Никита крестился и смотрел на образ. И не знал он, невежда, что без доказательств, по одному его слову искренному да по божбе, – никакой судья в мире не заставит отца дьякона взять рамы и уплатить за них следуемые деньги.
Через несколько минут было объявлено, что в иске Никите Петрову отказывается. Отец дьякон, выходя из камеры, вежливо раскланялся с судьей.
– Теперь, милый человек, уж, значит, шабаш! Теперь уж с ним ничего не поделаешь? – спросил Никита у одного из писцов. (Судья на ту пору вышел закусывать.)
В ответ ему молча только головой кивнули.
Другие тяжущиеся вызывались. Никита хмуро оглянул комнату с пола до потолка и вышел. «Эх вы, рамы мои, рамы! – думалось Никите. – Не спихнуть мне вас с рук…»
А пока Никита судился с отцом дьяконом и призывал в свидетели бога, Андрюша жаловался матери на старуху Спиридоновну.
– Мама! Хоьошо рази она это деает? – говорил внушительно Андрюша. – Ты ушла, а она на меня так посмотьела, да и говоит: что ты, Дюшка-дуак, глазки-то выпучил! Ведь не хоьошо это, мама… Я ведь не Дюшка, а Дюшенька!.. Да, мама?.. И не дуак!
Андрюша, должно заметить, несмотря на грубость и жесткость, яркая печать которых лежала на всех отношениях окружавших его людей, был чрезвычайно впечатлителен и обидчив. Иное бранное слово его повергало в сильнейшее уныние, доводило до слез.
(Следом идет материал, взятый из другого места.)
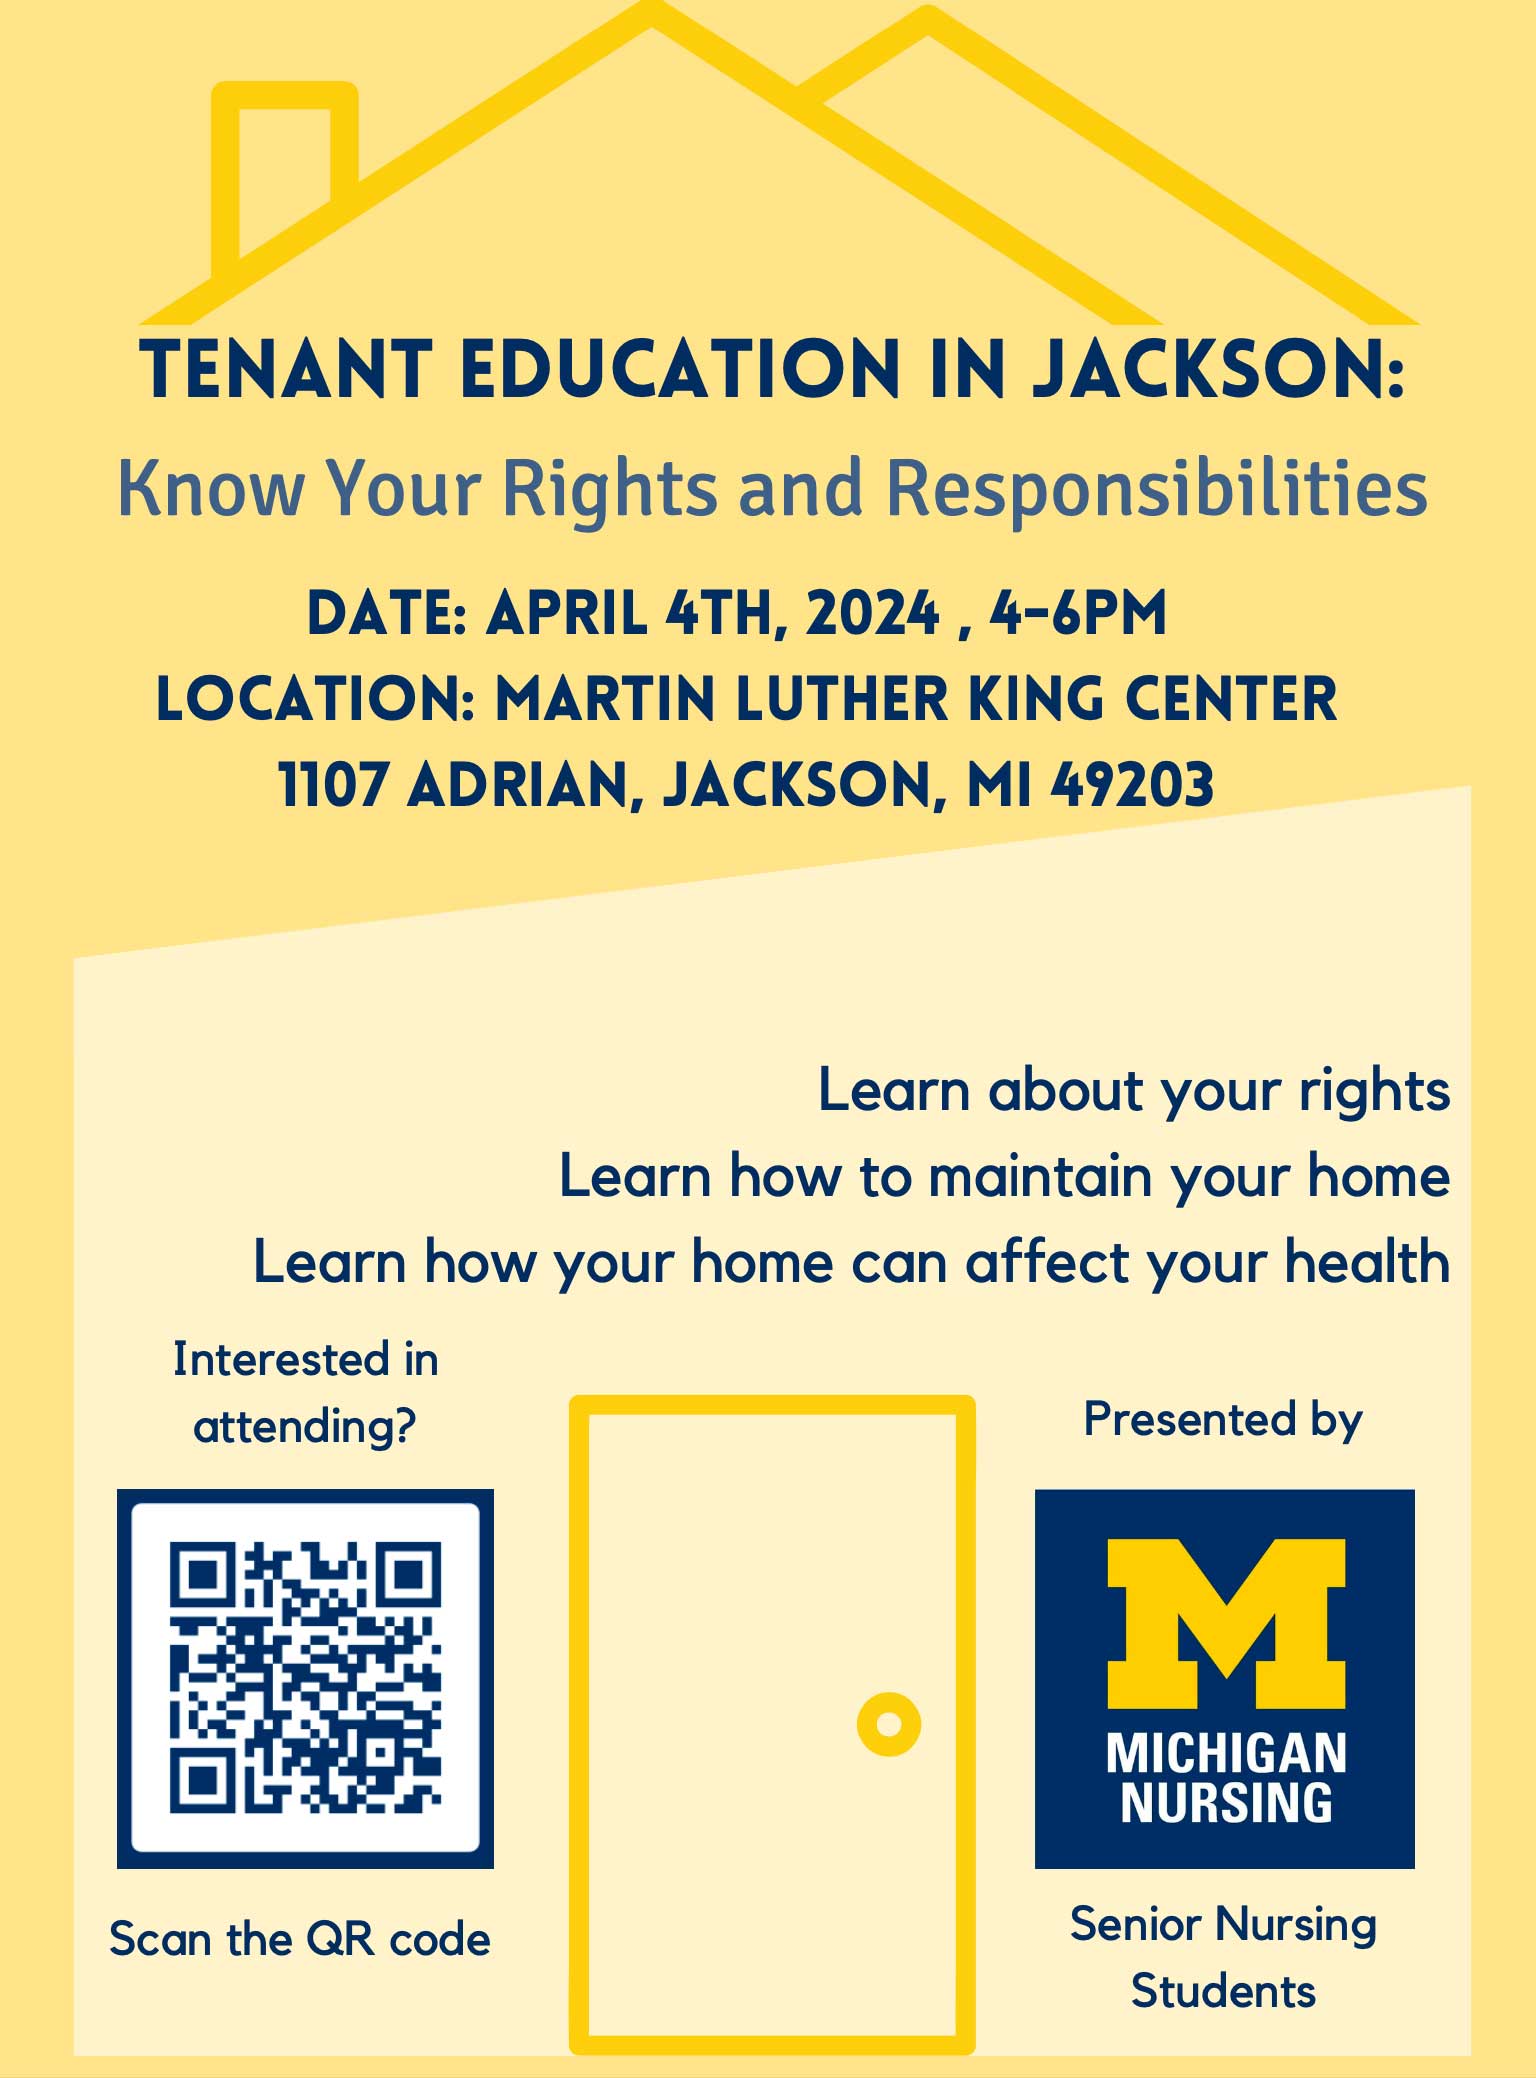 Tenant Education Event for Jackson Residents Happening Thursday, April 4

Возвратился отец и ругнул Степановну за то, что обед не готов. Степановна, разобиженная взыскательностью мужа, попрекнула его тем, что он спьяна, должно быть, действительно не вслушивался в слова отца дьякона и вместо того, чтобы сделать рамы сосновые, смастерил березовые…
– Скоро ли еще ужо возьмут их, ищи охотников! – говорила она резко. – Косяки-то оконные не во всех домах, поди, одинаковы… Не по мерке для тебя сделаны? Таковский и есть… – резко говорила она. – Не трескал бы винища-то своего проклятого, так и было бы поздоровее…
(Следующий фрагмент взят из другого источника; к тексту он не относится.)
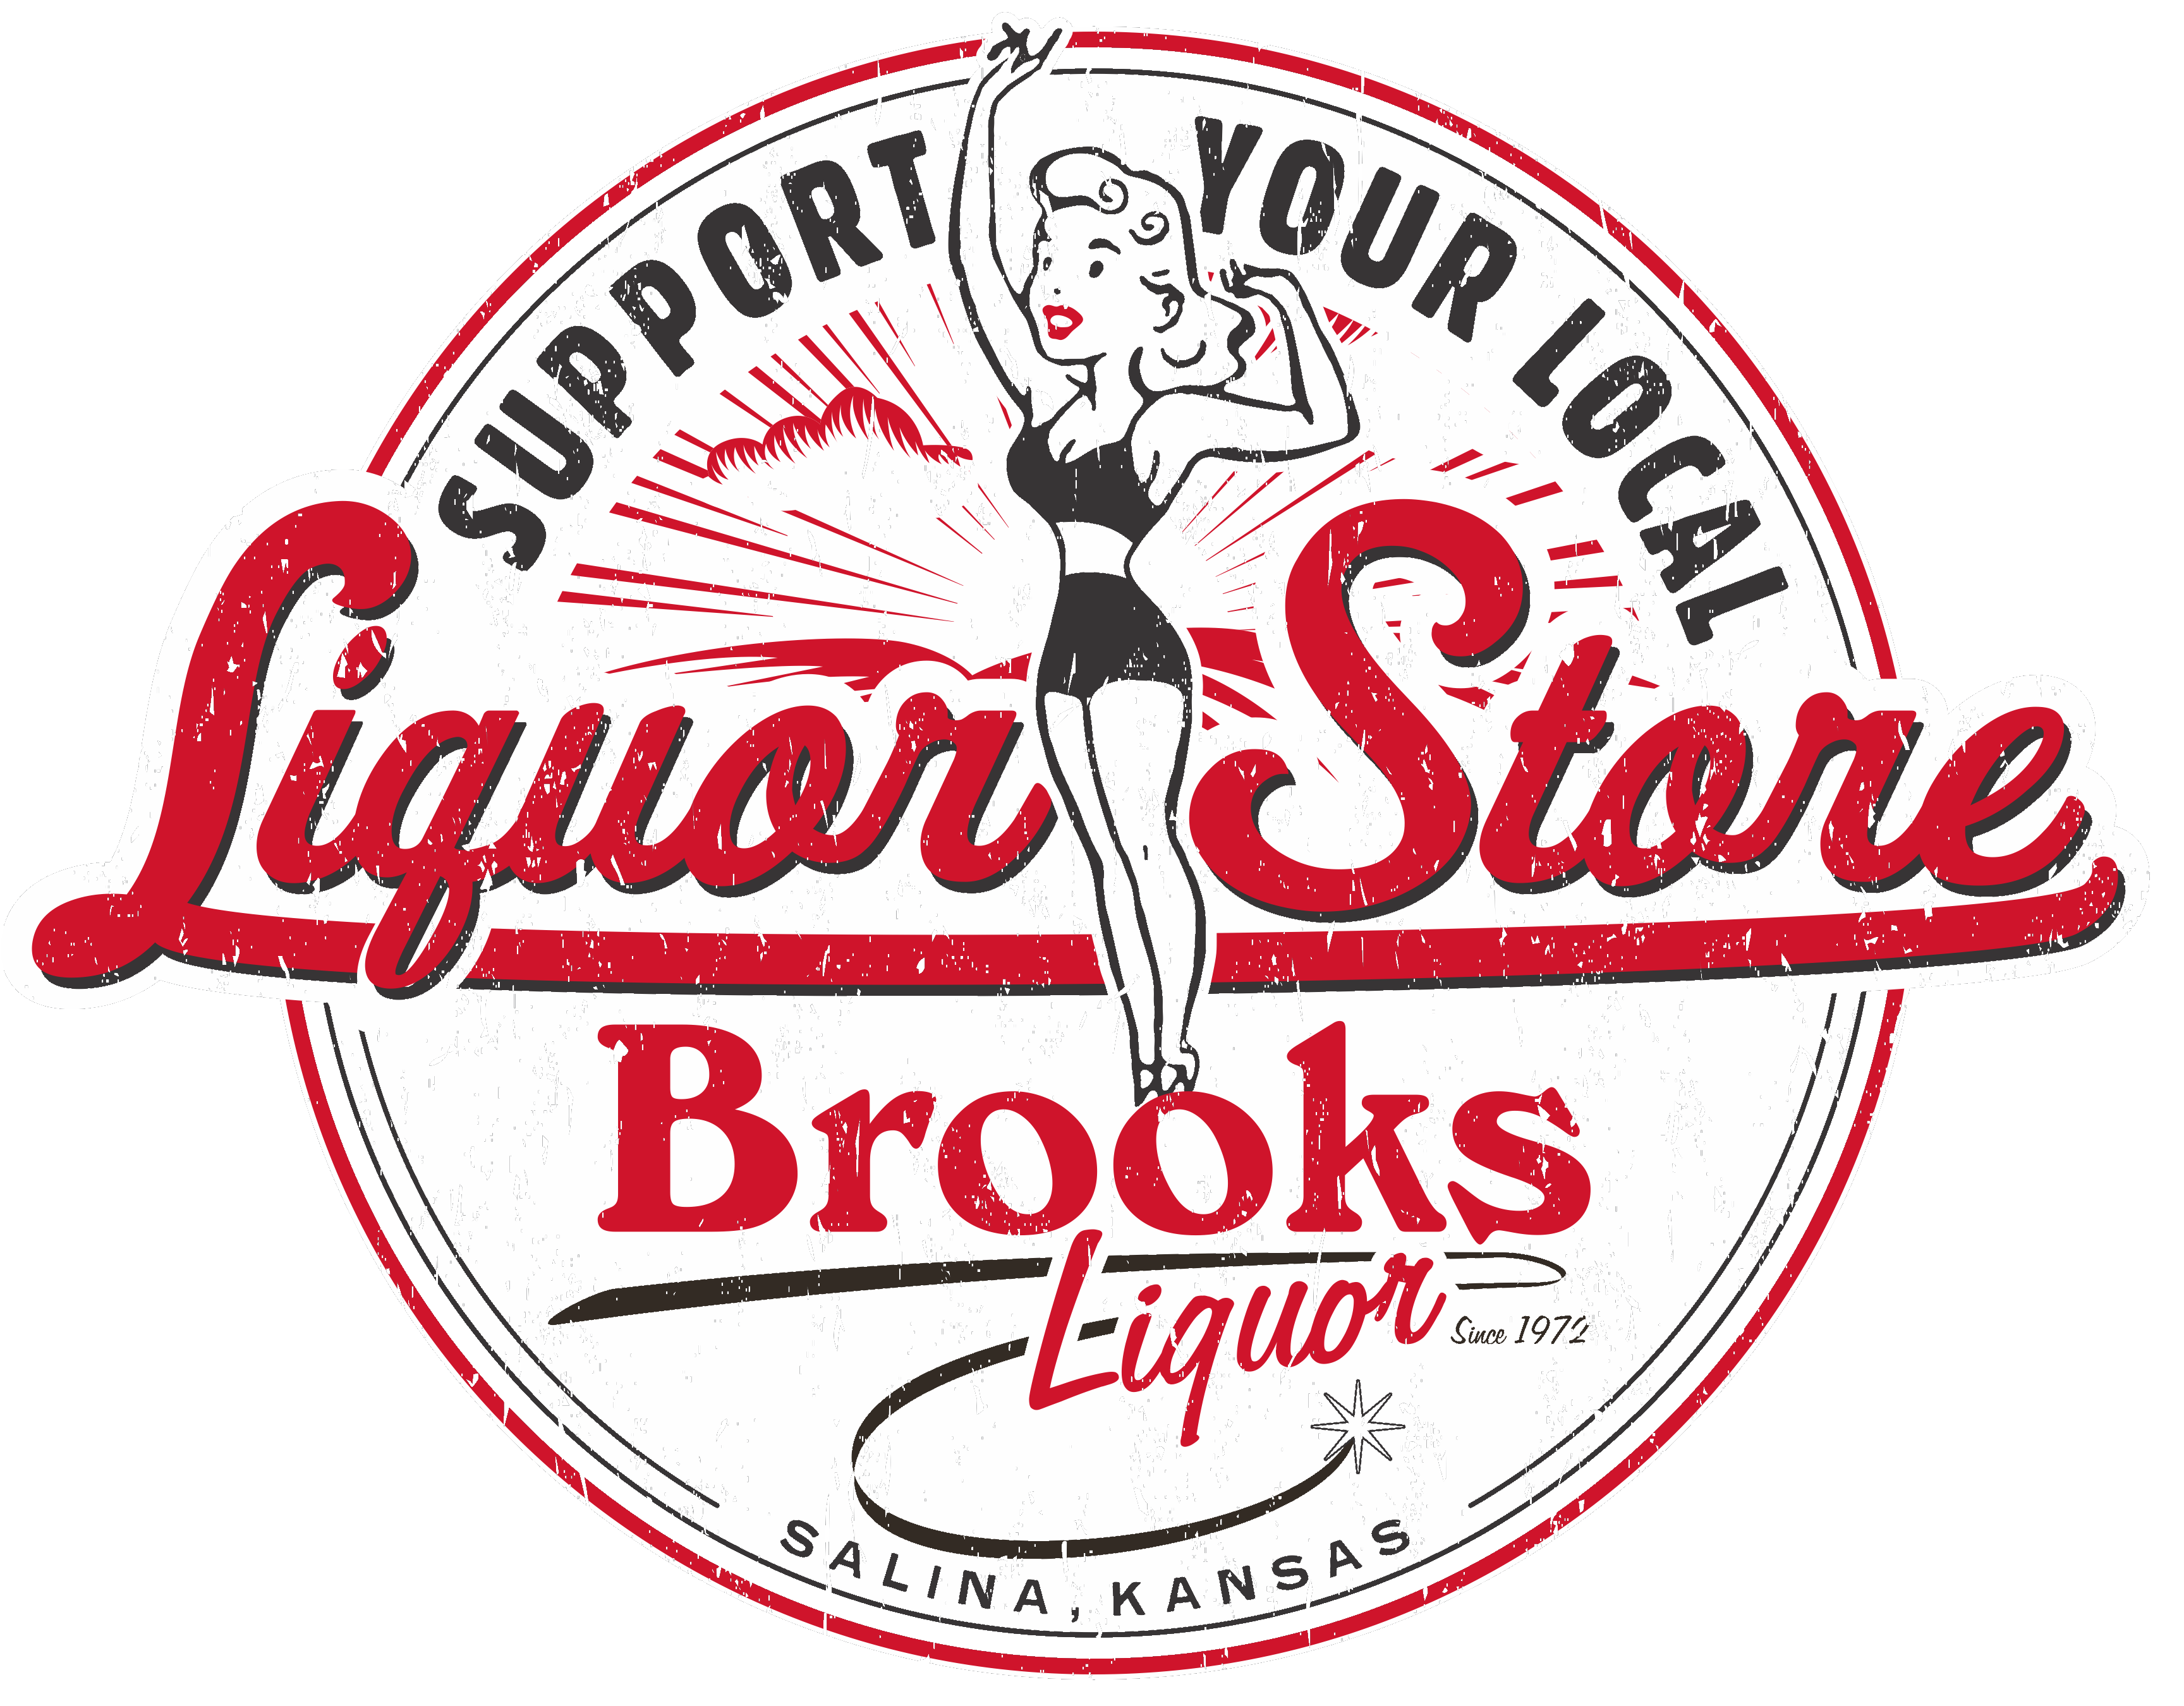 Brooks Liquor Store

Степановна была твердо убеждена в правоте мужа, но говорила таким образом просто со зла. Подлила масла в огонь Катерина Степановна… Никита пуще заругался; жилы раздулись на его морщинистом лбу, губы дрогнули, – и он крепко хватил жену по спине своим дюжим кулаком. Началась драка… Вся избитая, Степановна убежала из дома.
Вечером, когда Степановна возвратилась домой от кумушек, к которым бегала поведать про свое горе, про своего «изверга окаянного», опять поднялся вой, завязалась страшная брань, Андрюша весь бледнешенек сидел за печкой и трясся как в лихорадке; зубы его невольно стучали, когда который-нибудь из родителей сильнее возвышал голос… В самый разгар свалки в дверях показался хозяин дома – отец Василий. Мерного поступью приблизился почтенный человек к ругавшимся.
– Нехорошо, нехорошо, Никита, вы живете! – кротко заговорил он. – С утра до вечера у вас шум да крик: постояльцам покоя не даете. На что же это похоже! – Священник погладил, по привычке, свою бороду и строго посмотрел на своих духовных детей. – Что у вас тут такое? – продолжал он. – Что вы делите?.. Ты знаешь, Катерина, что сказано в священном писании: жена должна покоряться и уступать своему мужу, – он господин ей…
– Господин он… – прошипела жена, враждебно и искоса посматривая на Никиту.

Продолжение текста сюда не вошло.